Starting today, Whoop is rolling out a subscription service for access to its platform, as well as access to its band. Also, the company is no longer selling the Whoop band as a standalone product, which means the only way to get your hands (or wrists) on this wearable from now on is to pay a $30 monthly subscription fee. Those who bought a Whoop band before this change will be grandfathered in to the analytics service, but newcomers will have to pay monthly dues with a six-month commitment up front.
Whoop founder and CEO Will Ahmed says that offering a “lowered entry point” for potential customers was a significant reason for the subscription service, noting that the $180 upfront cost is the least Whoop has ever charged. “It expands the market,” Ahmed said. “What we expect is that after people try it for a period of time, they’re going to see powerful behavior change.”
There are also obvious business incentives tied to the new subscription model. Not only does it guarantee a certain amount of recurring revenue, but it “allows them to move expenses from capital expenditure to operating expenditure,” says Jitesh Ubrani, an analyst who closely follows the wearable tech market for research firm IDC. “That’s a trend we have seen across device types for businesses.”
A subscription-only model for a wearable and its software platform is also a way of pushing people to actually wear the wearable for an extended period of time. Data has shown that a significant number of people ditch activity-trackers within six months, and there’s plenty of anecdotal “junk drawer” evidence too. But Ahmed insists Whoop has high levels of sustained engagement, with over 50 percent of users remaining daily active users after a whopping 18 months of wearing the band. He even shies away from the word “wearable,” and says there’s a stickiness associated with Whoop’s analytics platform; which may have a lot to do with the fact that Whoop is catering to elite athletes who already care about their performance, as opposed to nudging people who aren’t already active to be a little more active.
All in the Wrist
Ahmed declined to say whether it’s teams or individual customers who make up the biggest customer base for Whoop’s products, but the company’s own testimonials point to teams being a huge part of the business. So what is it about Whoop that makes it so appealing to the performance athletics crowd–and appealing for investors like the Founder’s Collective, Two Sigma Ventures, Jack Dorsey, Nicholas Negroponte, the NFL and, most recently, Bose Ventures?
The nylon band might look unremarkable, but Whoop claims it offers a level of granularity other wearable makers don’t–even when that data-tracking becomes potentially invasive, like when a coach can see exactly how much a college athlete is sleeping. The company says it’s collecting five different health-related variables 100 times per second, including heart-rate variability.
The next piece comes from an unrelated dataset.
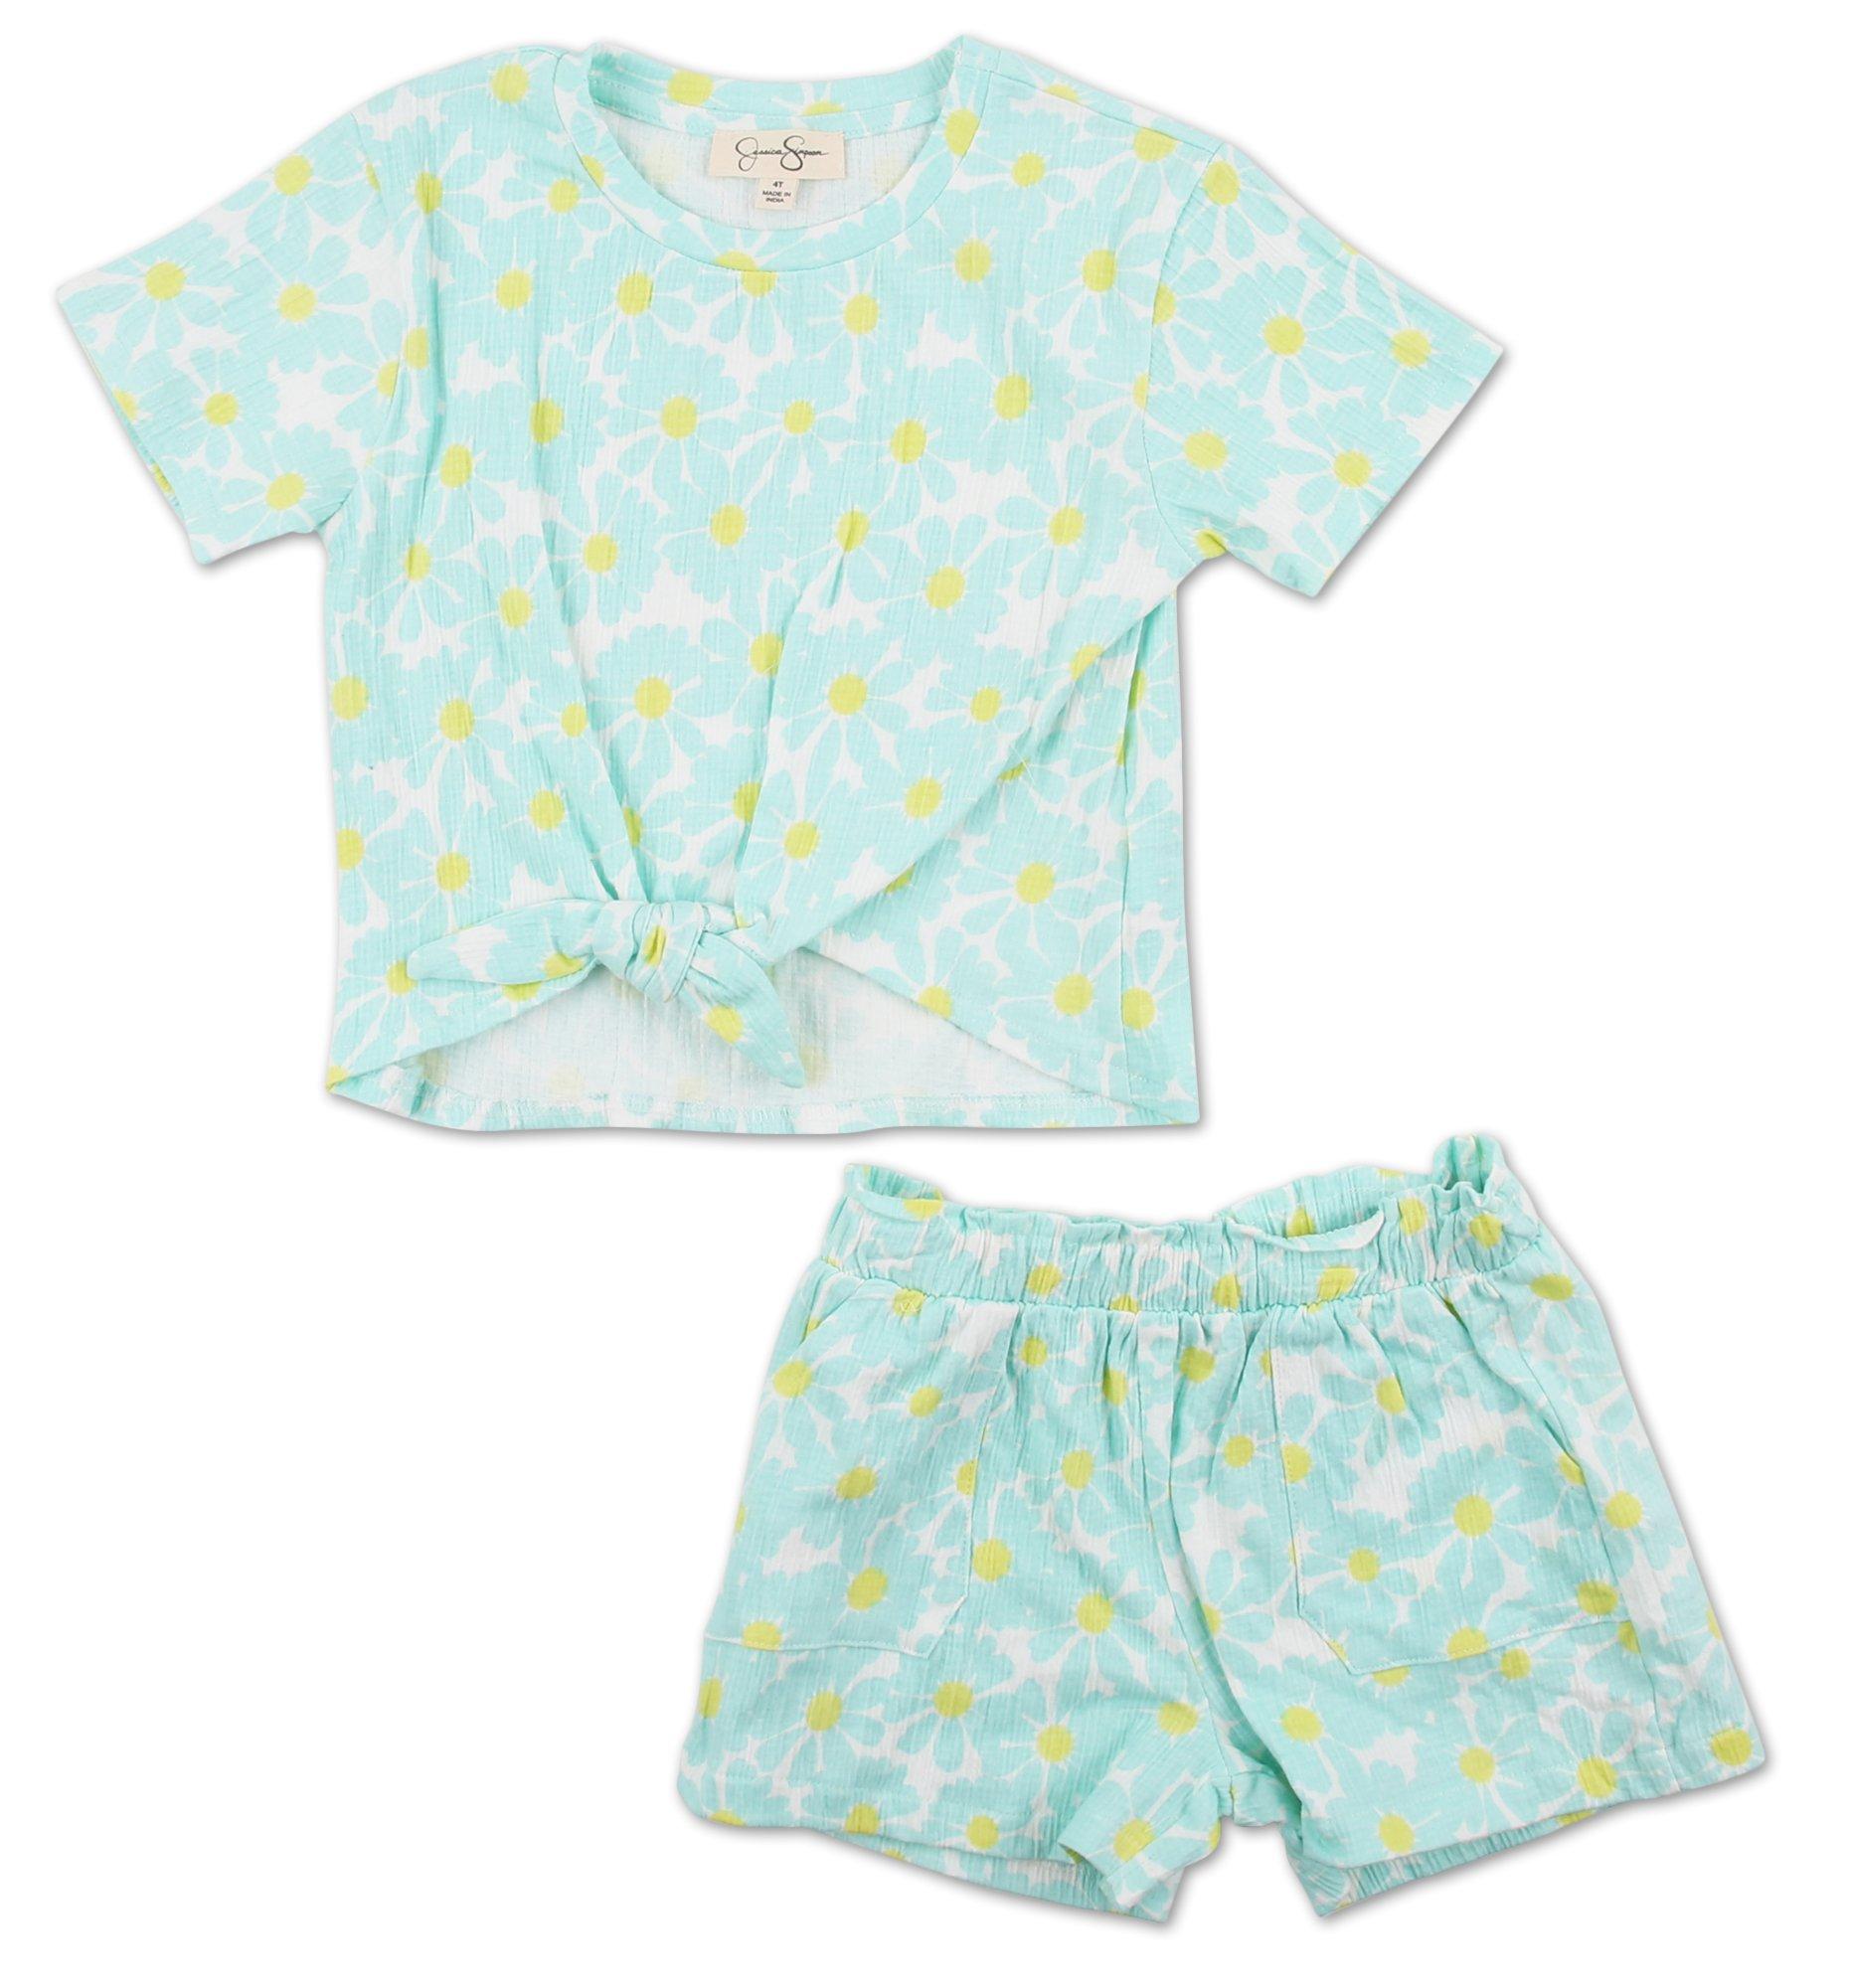 Toddler Girls 2 Pc Shorts Set

Other wearable makers, like Apple and Garmin, measure this too; it’s a data point that helps gauge how quickly your body’s nervous system responds to certain activities.
Whoop’s data-related health claims haven’t been peer-reviewed, but the company has published some papers to its website based on its own data, and in general it seems to emphasize the importance of recovery periods for athletes. “I’ve been wearing it for five years and I still wake up not knowing if I’m red, yellow, or green,” Ahmed says, referencing Whoop’s color-coded recovery system. “There are mornings where you feel run down but Whoop tells you otherwise, and you manage to crush your workout.”
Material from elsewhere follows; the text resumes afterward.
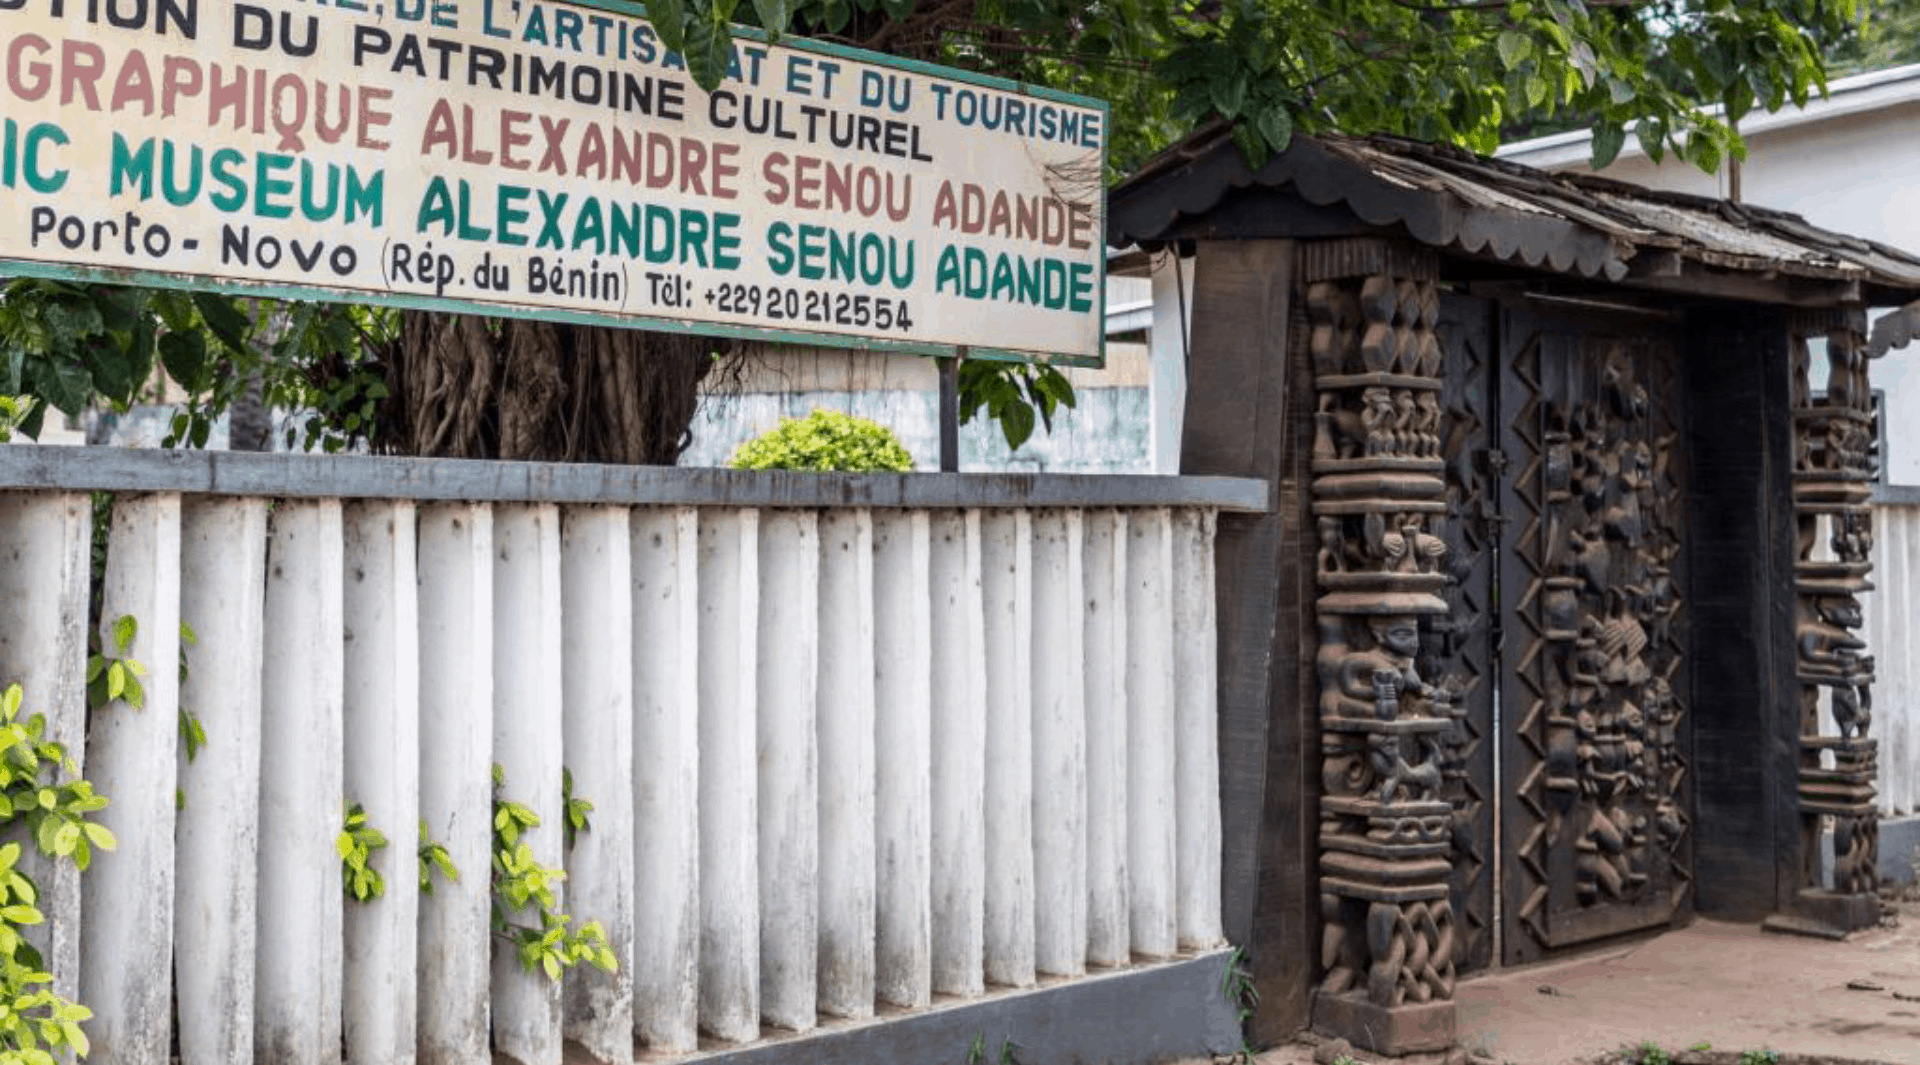 Alexandre Sènou Adandé Ethnographic Museum

It’s these kinds of semi-addictive features that are part of the draw for teams. The question is whether features like that will draw average consumers to Whoop, for $30 a month. And the question beyond that might be: could other wearable makers adopt this model as well? Some device makers already offer what you might call slivers of subscriptions; you can, for example, subscribe to Fitbit’s Coach app, or a streaming music service with offline playlists, or even the Apple Watch’s LTE service. But those aren’t essential features, and Fitbit’s revenues from Coach are a tiny fraction of its device sales.
IDC’s Ubrani says he thinks more subscription wearables could be rolled out in the future, but for now, it’s the “tiny but lucrative” approach like Whoop’s that is more likely to be the case. So we may still being paying an upfront cost for our Fitbits or Apple Watches or Garmin watches for the foreseeable future, even if the lack of commitment to free software means it’s that much easier to toss it in a drawer later on.